==== Dataset content
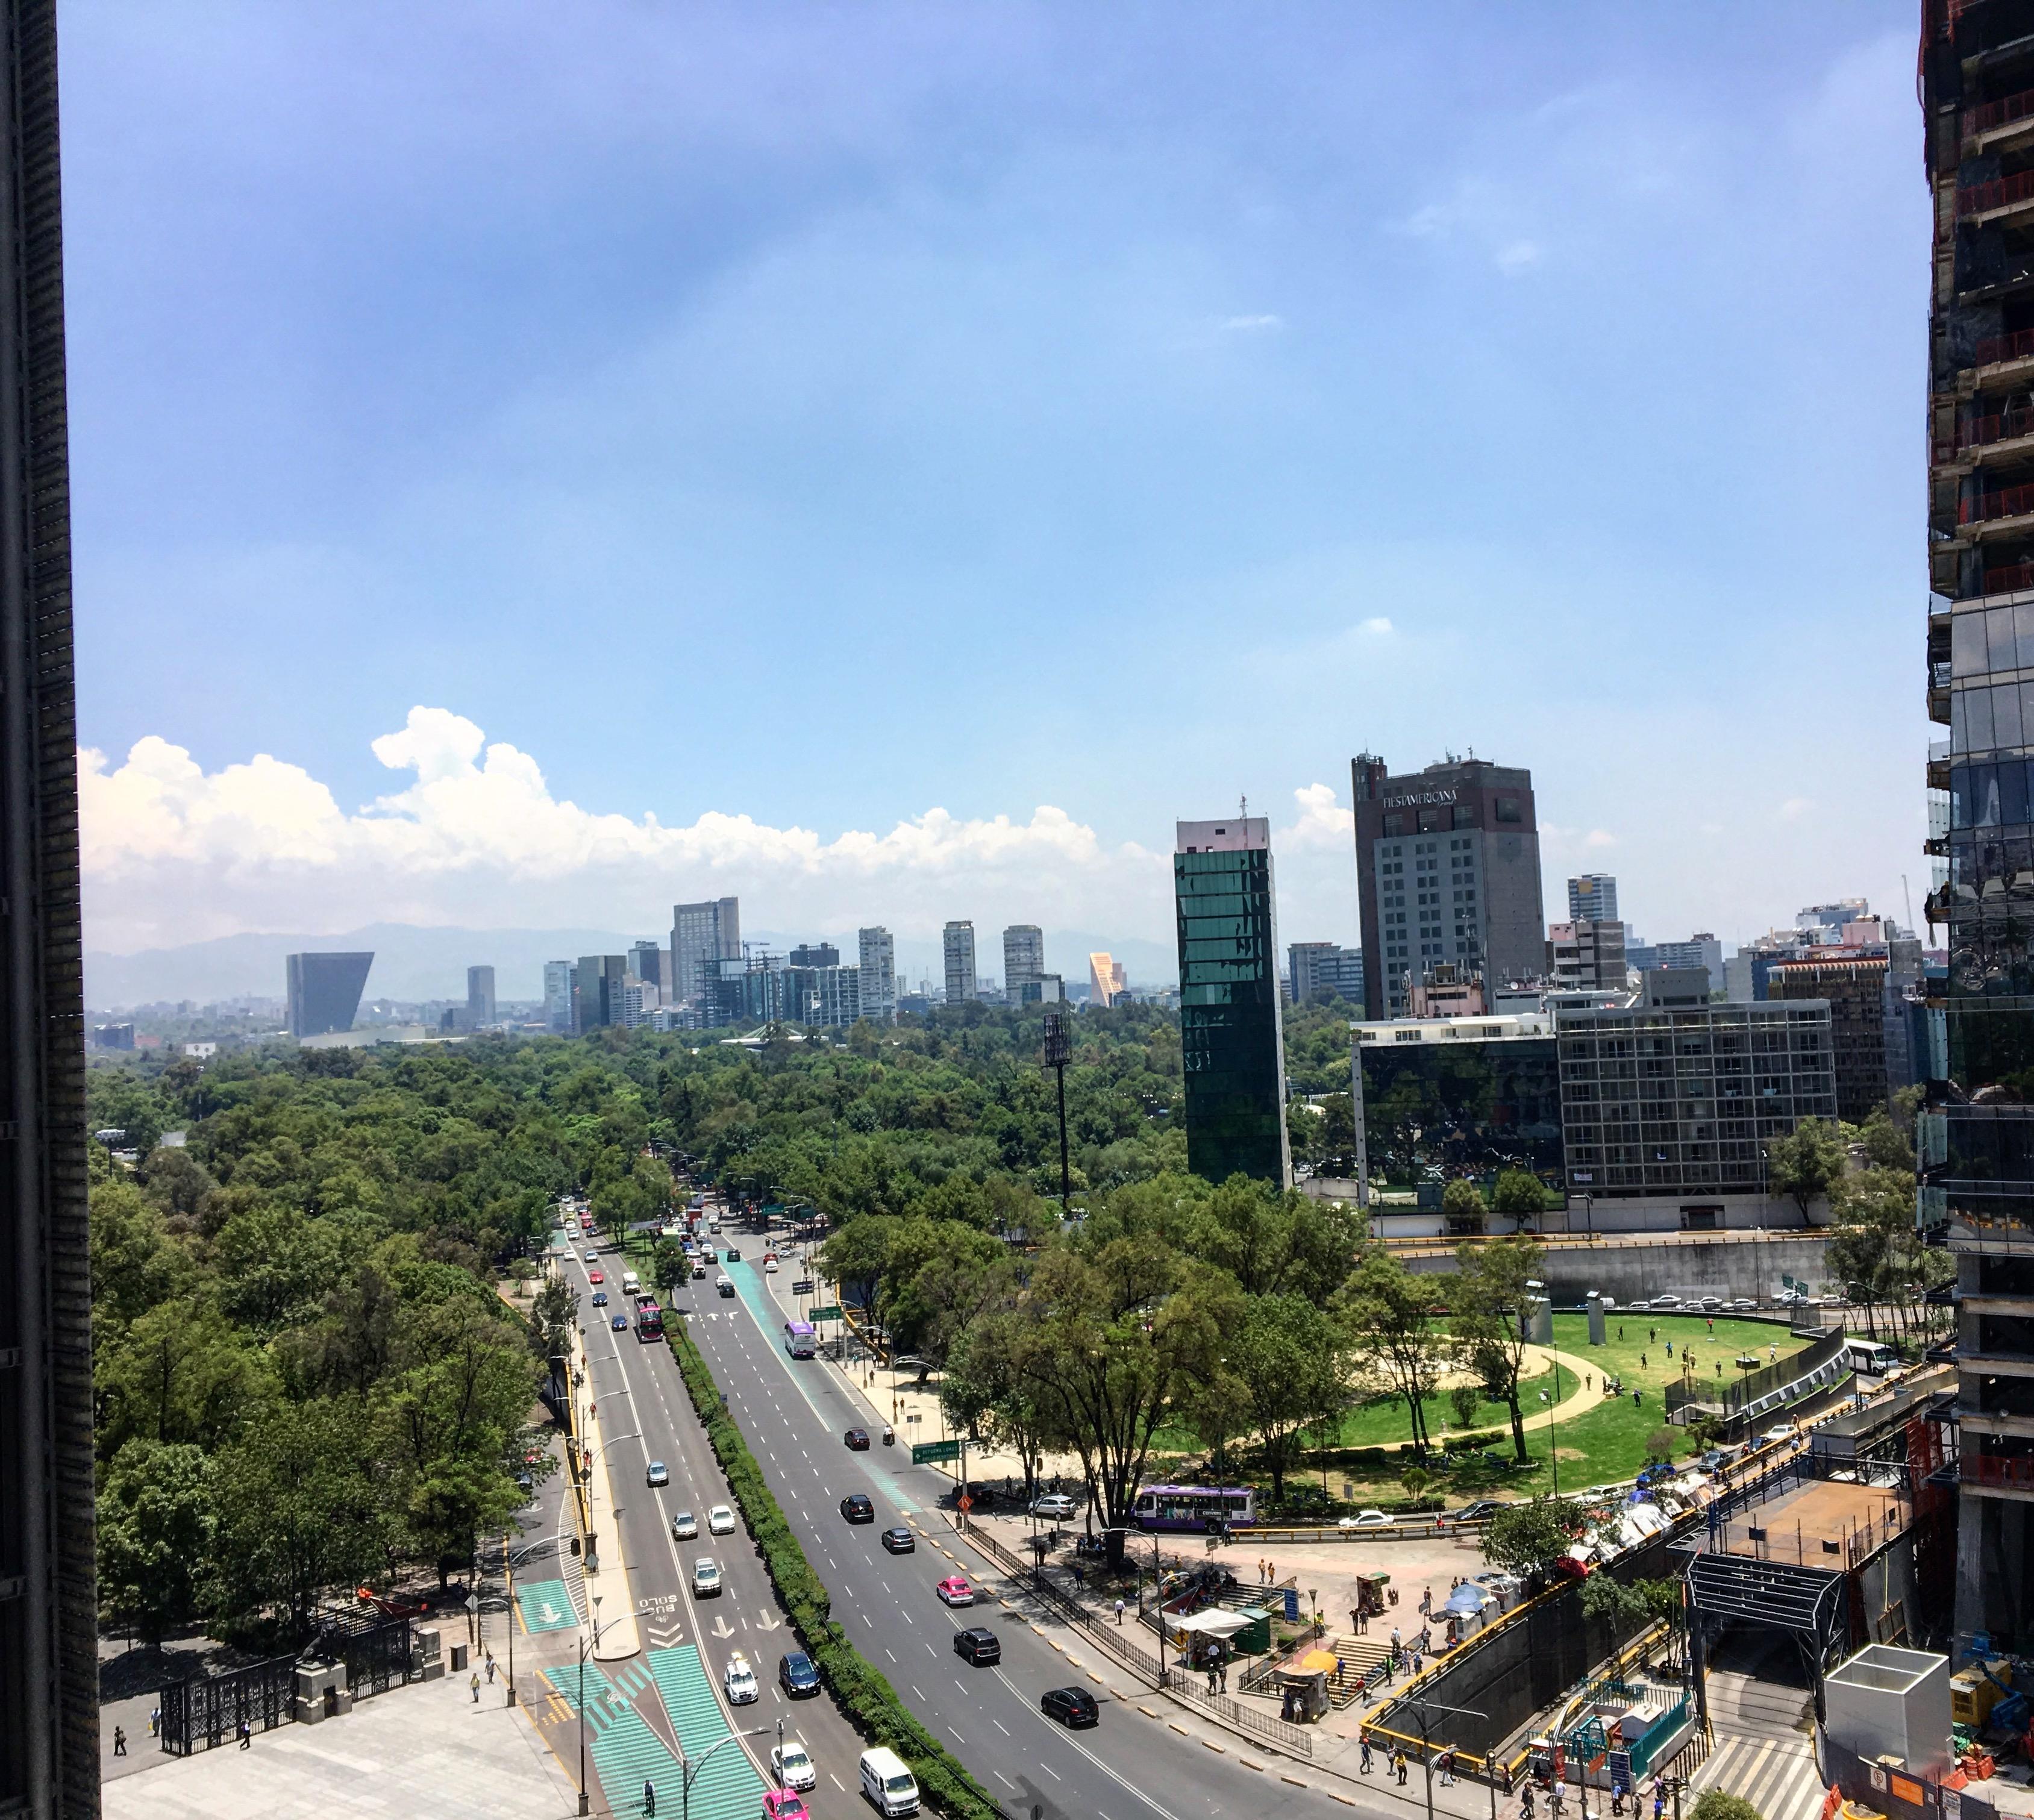 Ciudad de México avanza en objetivos de Agenda de las Naciones Unidas
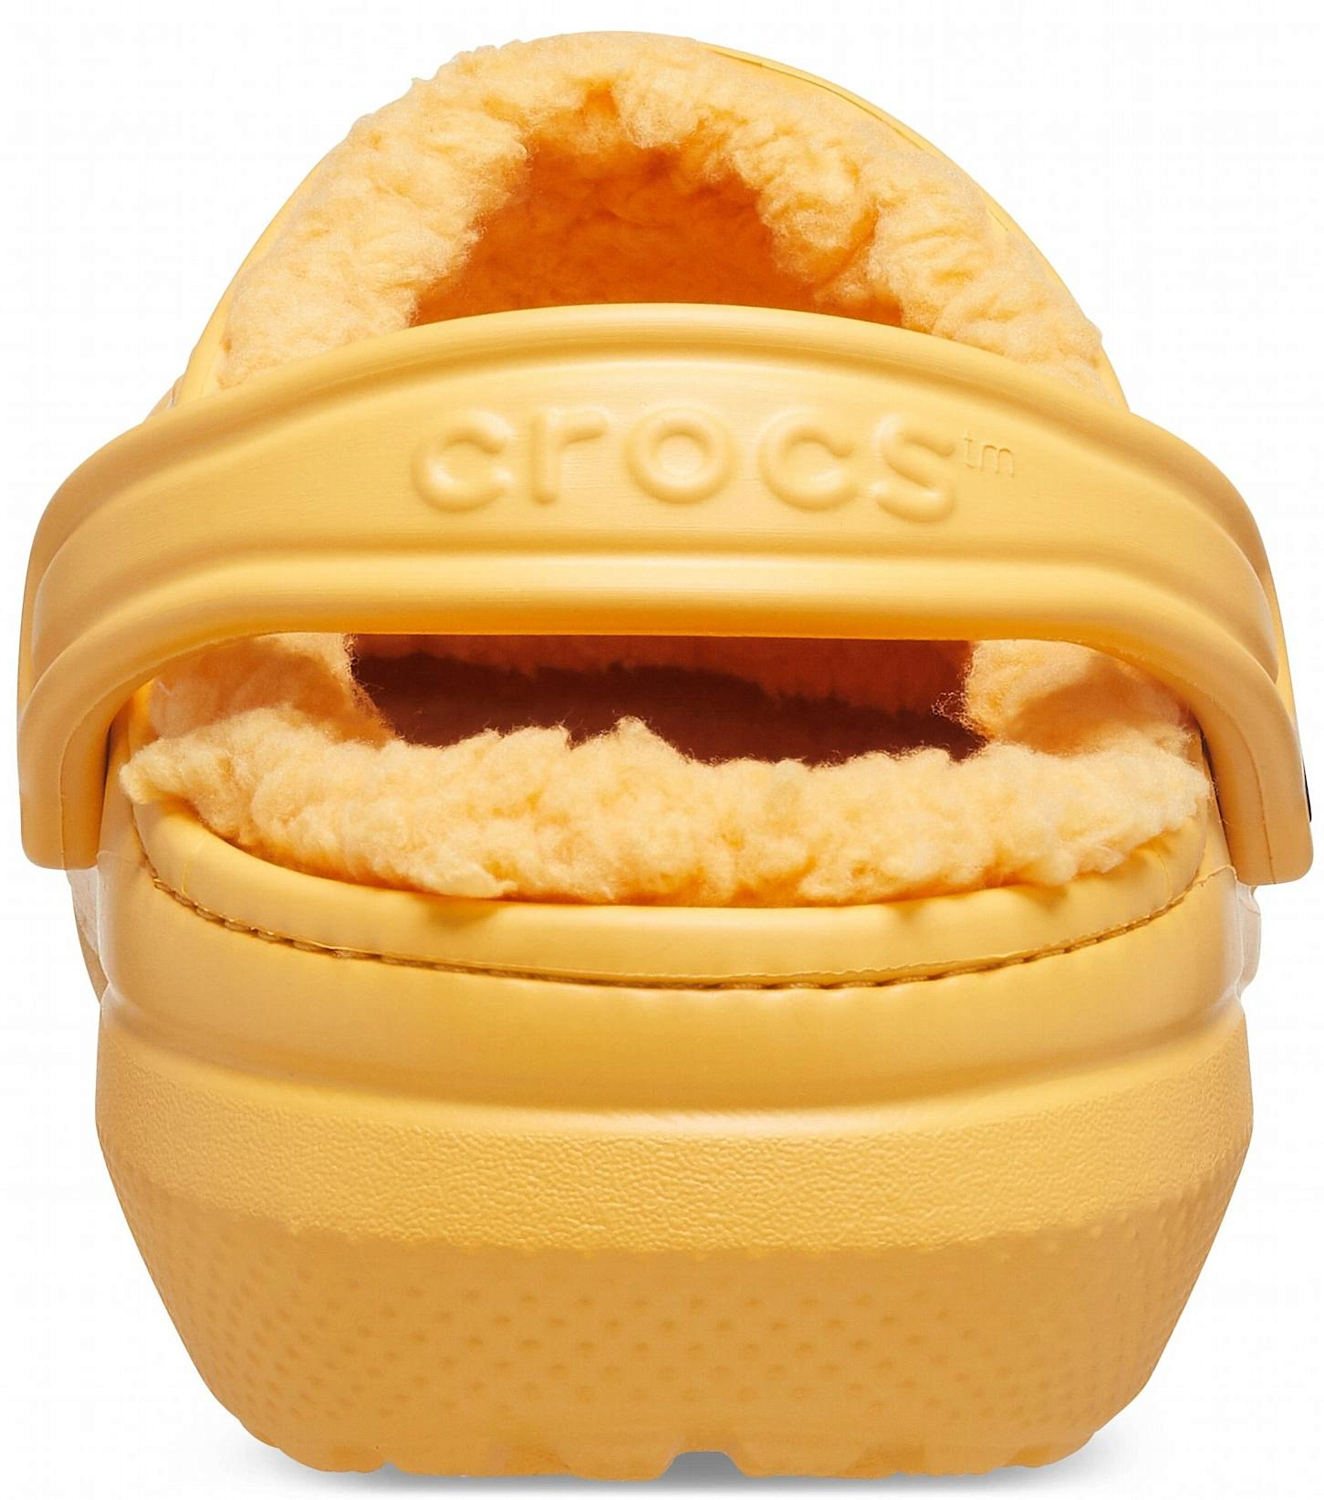 Сандалии Crocs Classic Lined Clog Orange Sorbet
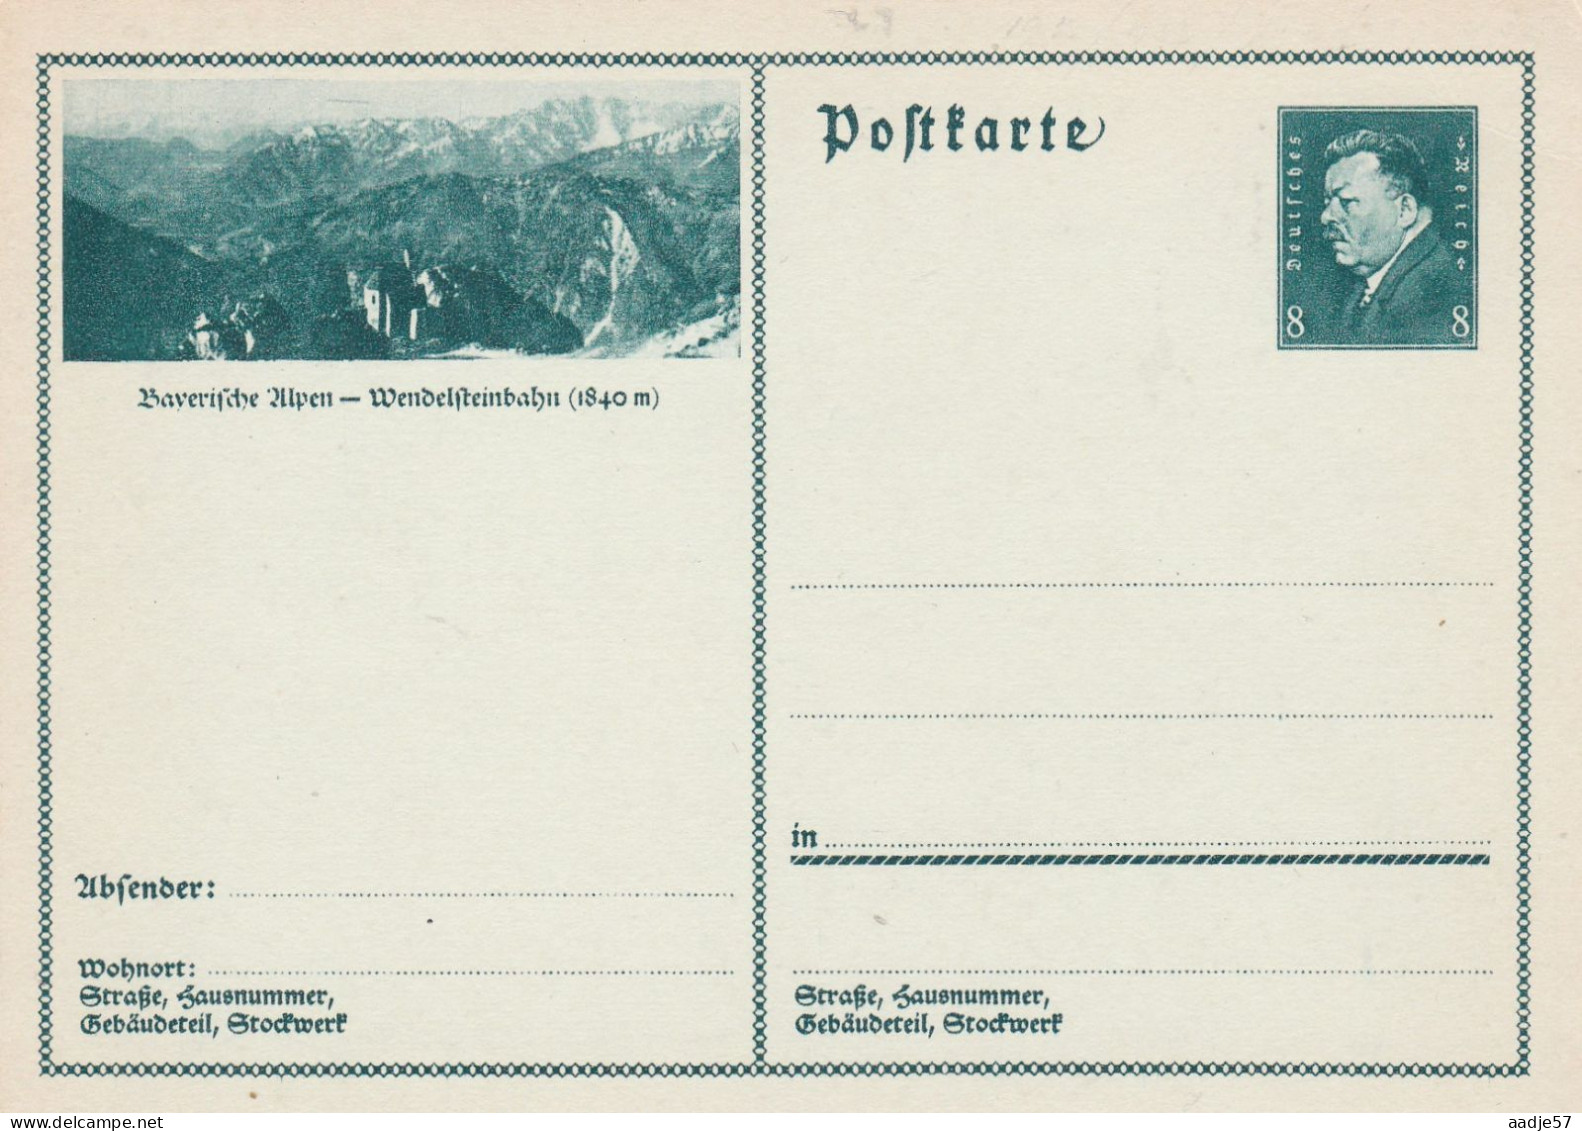 Besucht Baverische Alpen Wendelsteinbahn - Bildpostkarte 1931 -  Mint - Briefkaarten
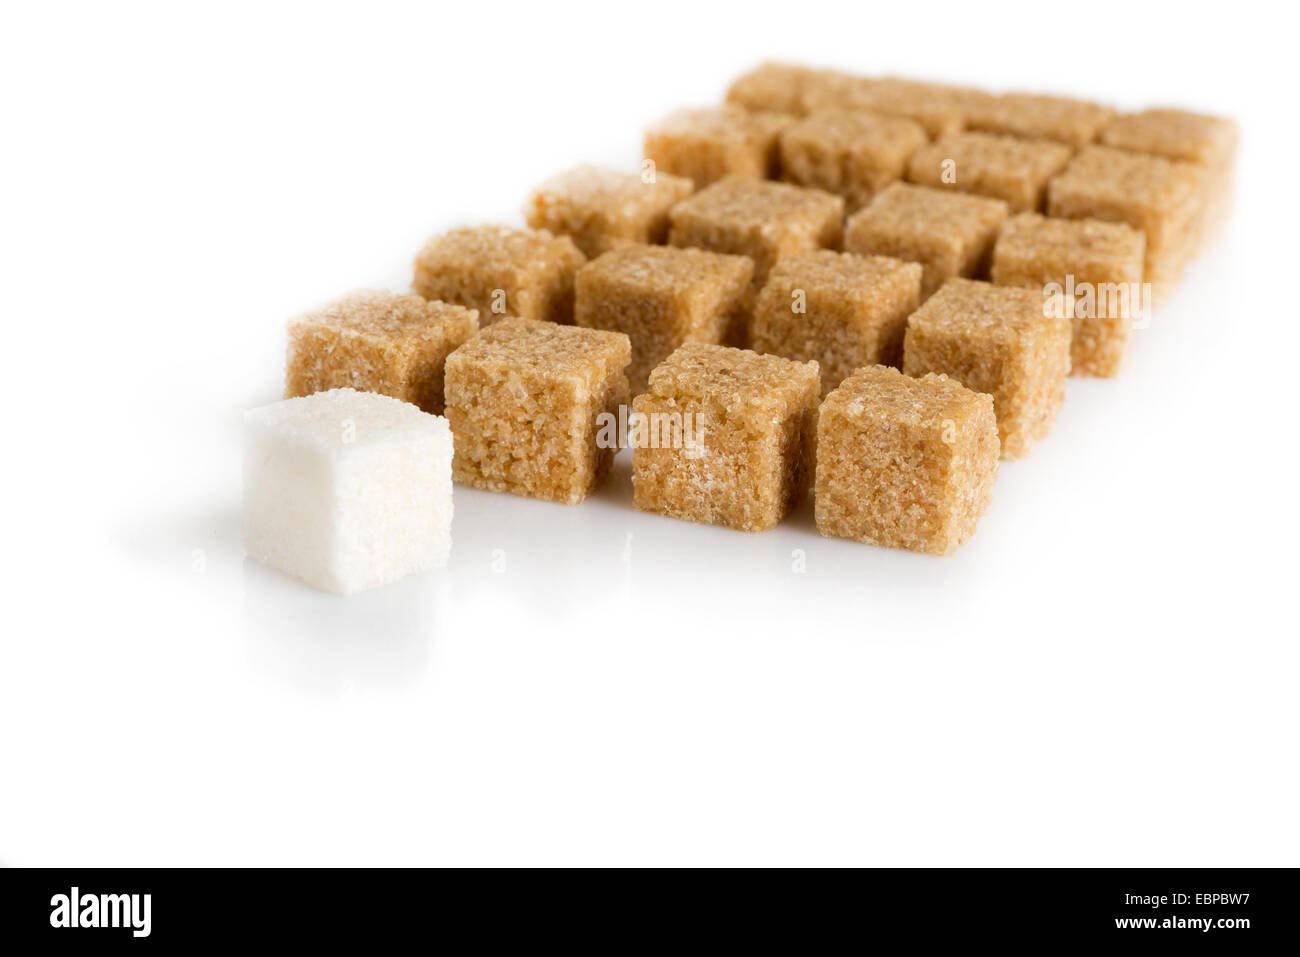 Cubetti di canna da zucchero marrone e bianco raffinato isolati su sfondo bianco Foto Stock
========
What is being asked: Extract the run of lines beginning with the line that holds "Сандалии Crocs Classic" and ending at the last line of the data, inclusive. Exclude any pictures from the copy.

Solution to this task:
 Сандалии Crocs Classic Lined Clog Orange Sorbet
 Besucht Baverische Alpen Wendelsteinbahn - Bildpostkarte 1931 -  Mint - Briefkaarten
 Cubetti di canna da zucchero marrone e bianco raffinato isolati su sfondo bianco Foto Stock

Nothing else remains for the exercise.